THE TASK: Starting at the line that contains "保守的結果として不快な(Medium Sensitive) - Clean+Easy", transcribe each line exactly through the end of the data below, and skip any pictures.

SUPPLIED INFORMATION:

□ □ □ □ □

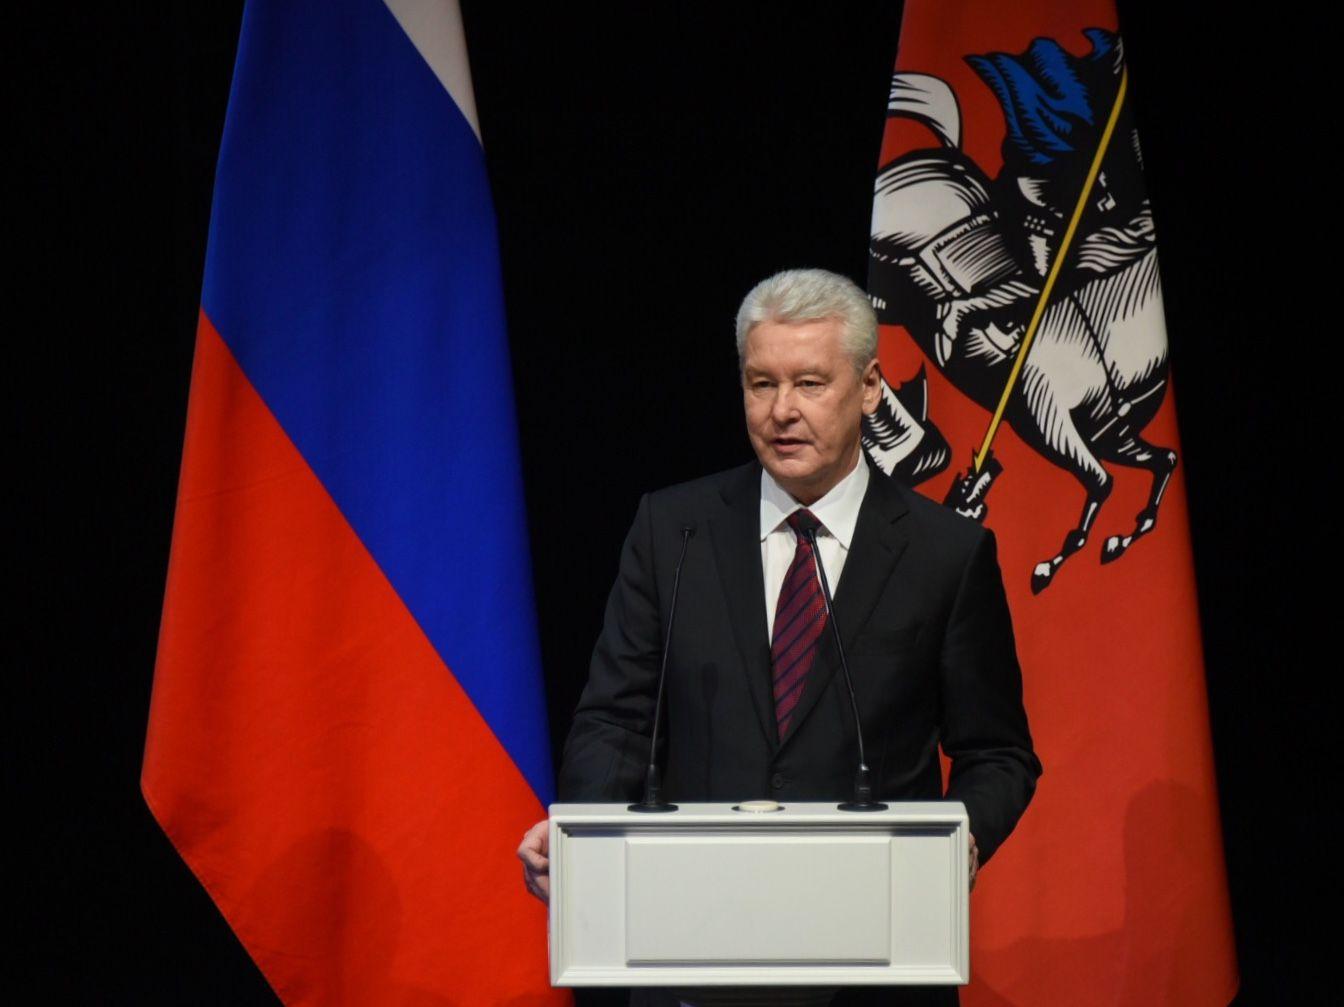 Сергей Собянин: 15 мая откроется выставка «АРХ Москва»
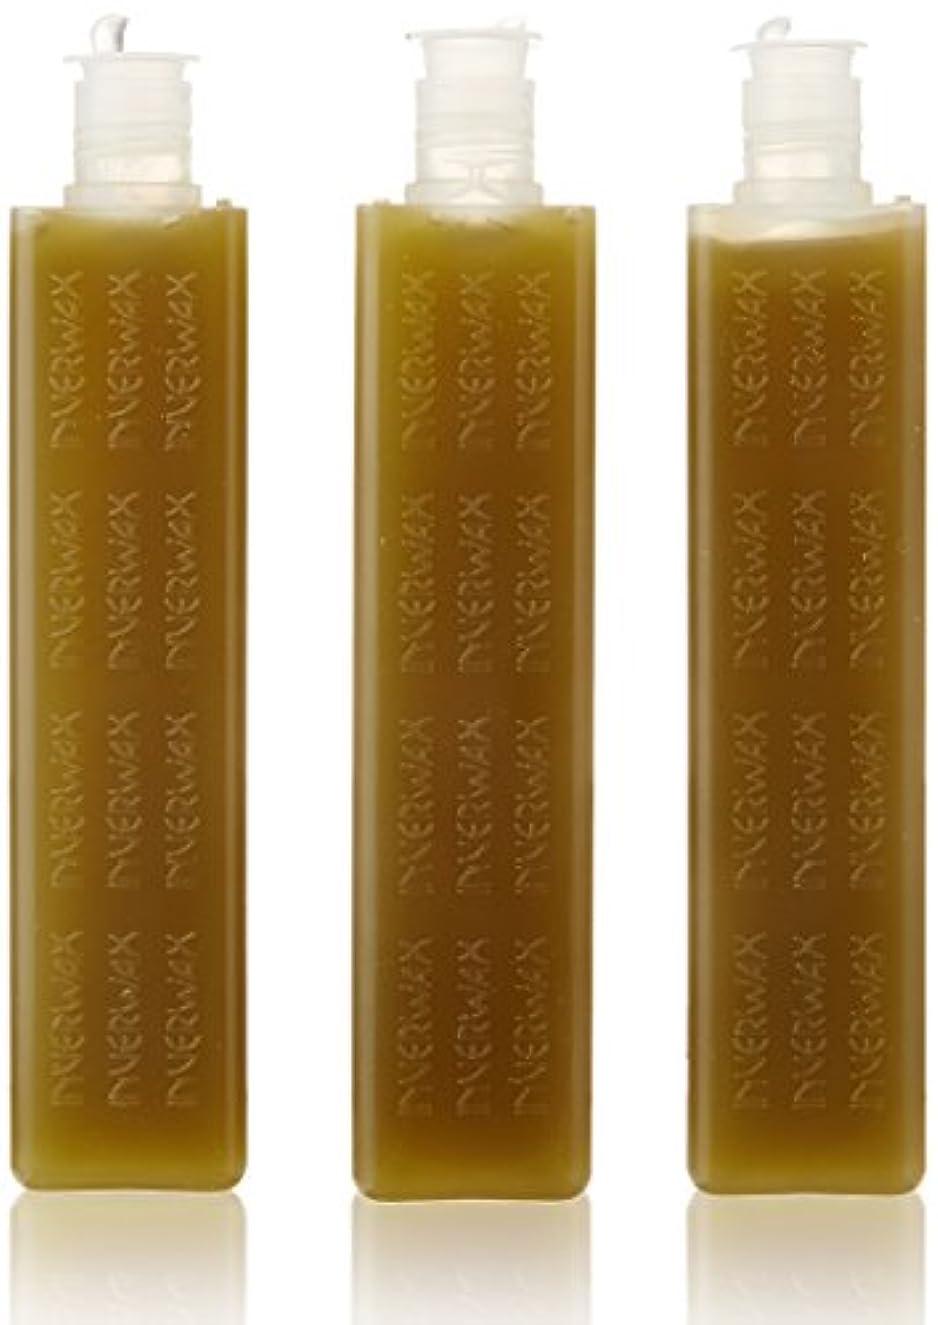 保守的結果として不快な(Medium Sensitive) - Clean+Easy Azulene Refill x3 - Medium
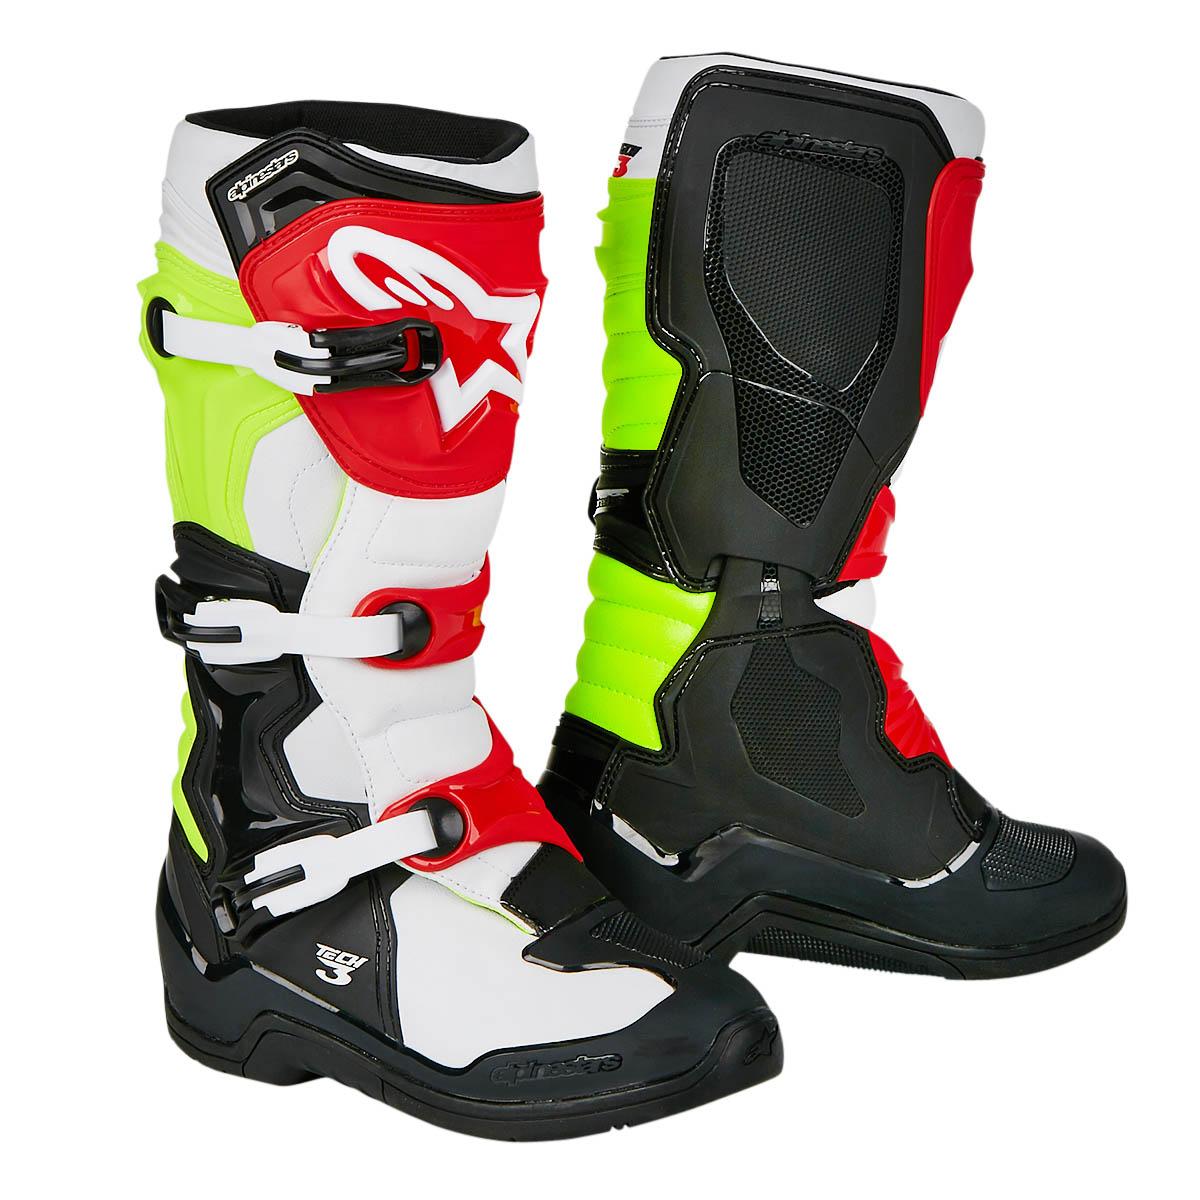 Alpinestars Motocross-Stiefel Tech 3 Schwarz/Weiß/Fluo Gelb

□ □ □ □ □

ANSWER FOR THIS EXERCISE:
 保守的結果として不快な(Medium Sensitive) - Clean+Easy Azulene Refill x3 - Medium
 Alpinestars Motocross-Stiefel Tech 3 Schwarz/Weiß/Fluo Gelb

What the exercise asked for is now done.